Researchers trying to better understand and treat blood-sugar disorders such as type 2 diabetes can look for new clues in odd little fish that dwell in Mexican caves.
The fat, eyeless cavefish harbor the same genetic mutation as people with an inherited form of severe diabetes and experience diabetes-like blood-sugar surges and crashes after eating, yet they are perfectly healthy, according to a study in Nature led by geneticists at Harvard Medical School.
The discovery “kind of blew my mind,” said Ariel Aspiras, co-first author of the paper and a graduate student in the lab of Cliff Tabin at HMS. “Glucose dysregulation usually causes a whole slew of problems, but it doesn’t in the fish. It actually appears to benefit them.”
The fish offer a fresh opportunity to find out how animals can thrive with traits that would sicken humans, said co-senior author Nicolas Rohner, a former postdoctoral fellow in the Tabin lab who is now an assistant investigator at the Stowers Institute for Medical Research in Kansas City, Missouri, and an assistant professor at the University of Kansas Medical Center.

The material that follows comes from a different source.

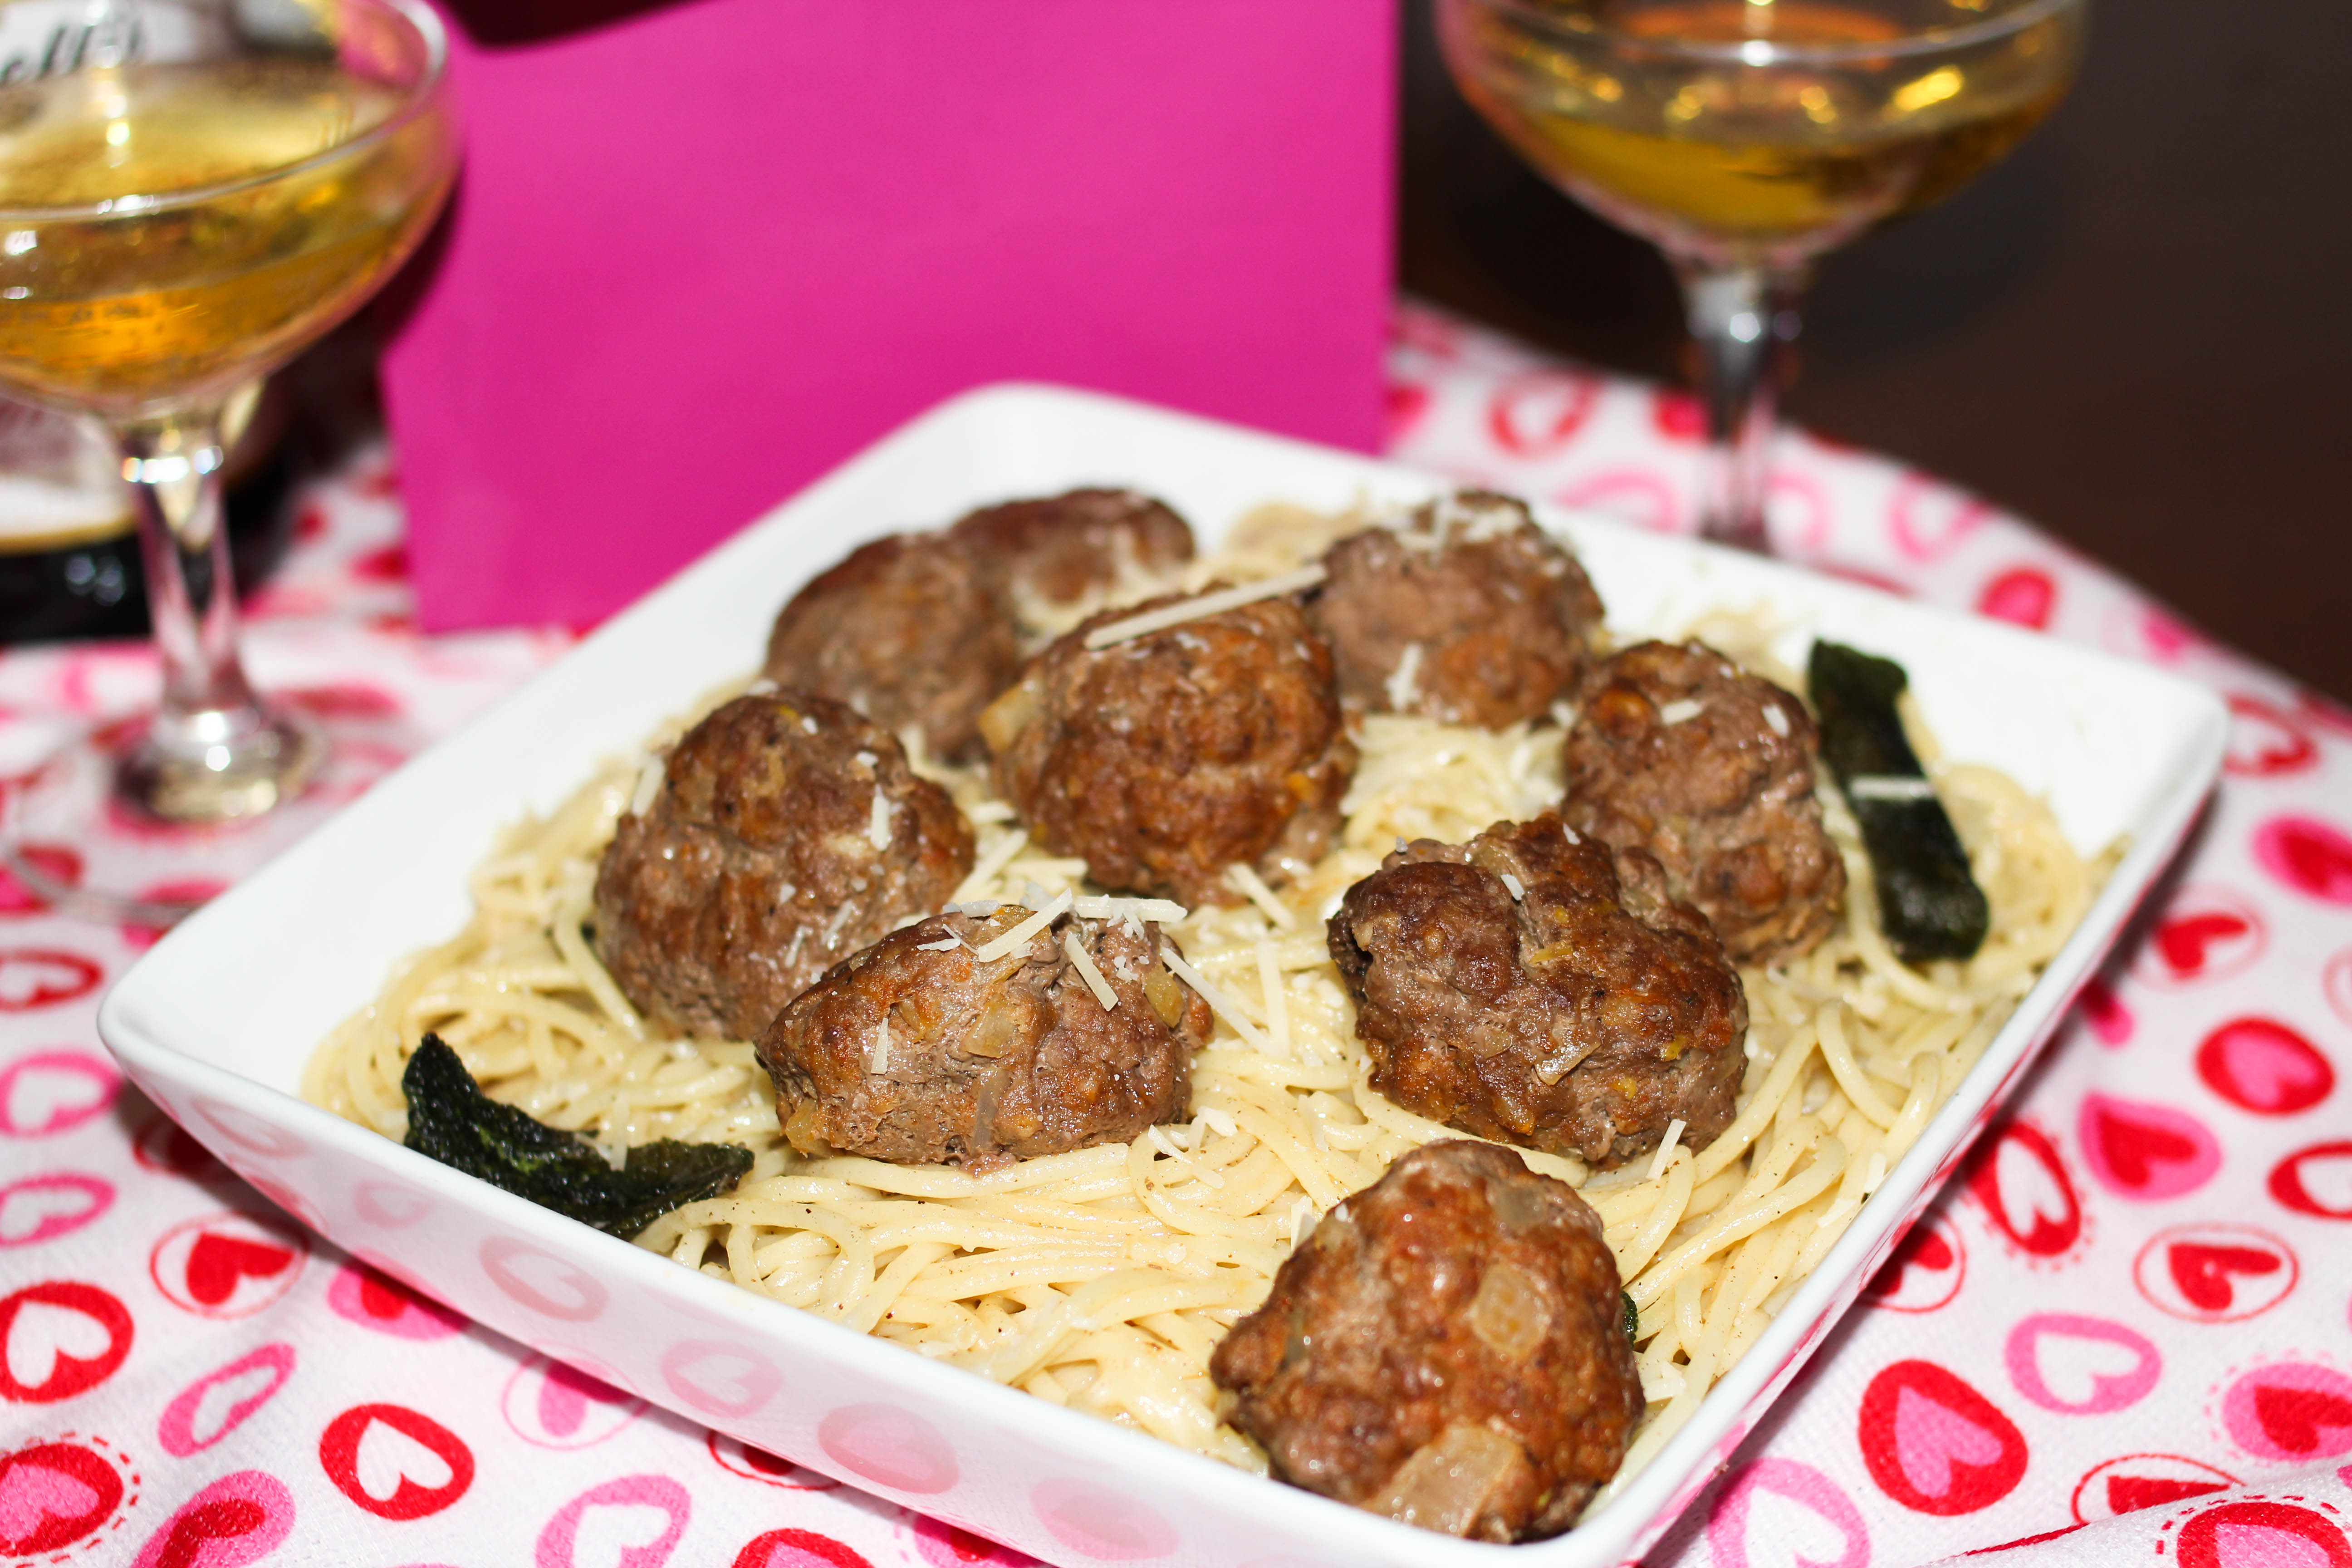 Angus Beef Meatballs with Lemon Butter Pasta is a great twist on classic meatballs and pasta.

“Giraffes have high blood pressure so blood can reach up their long necks, and seals develop extremely high blood-sugar levels, but almost nobody looks at these natural strategies,” he said.
The study “raises the exciting possibility” that the cavefish have other mutations that protect against the usual harms of poor blood-sugar regulation, said co-senior author Tabin, the George Jacob and Jacqueline Hazel Leder Professor of Genetics and head of the Department of Genetics at HMS.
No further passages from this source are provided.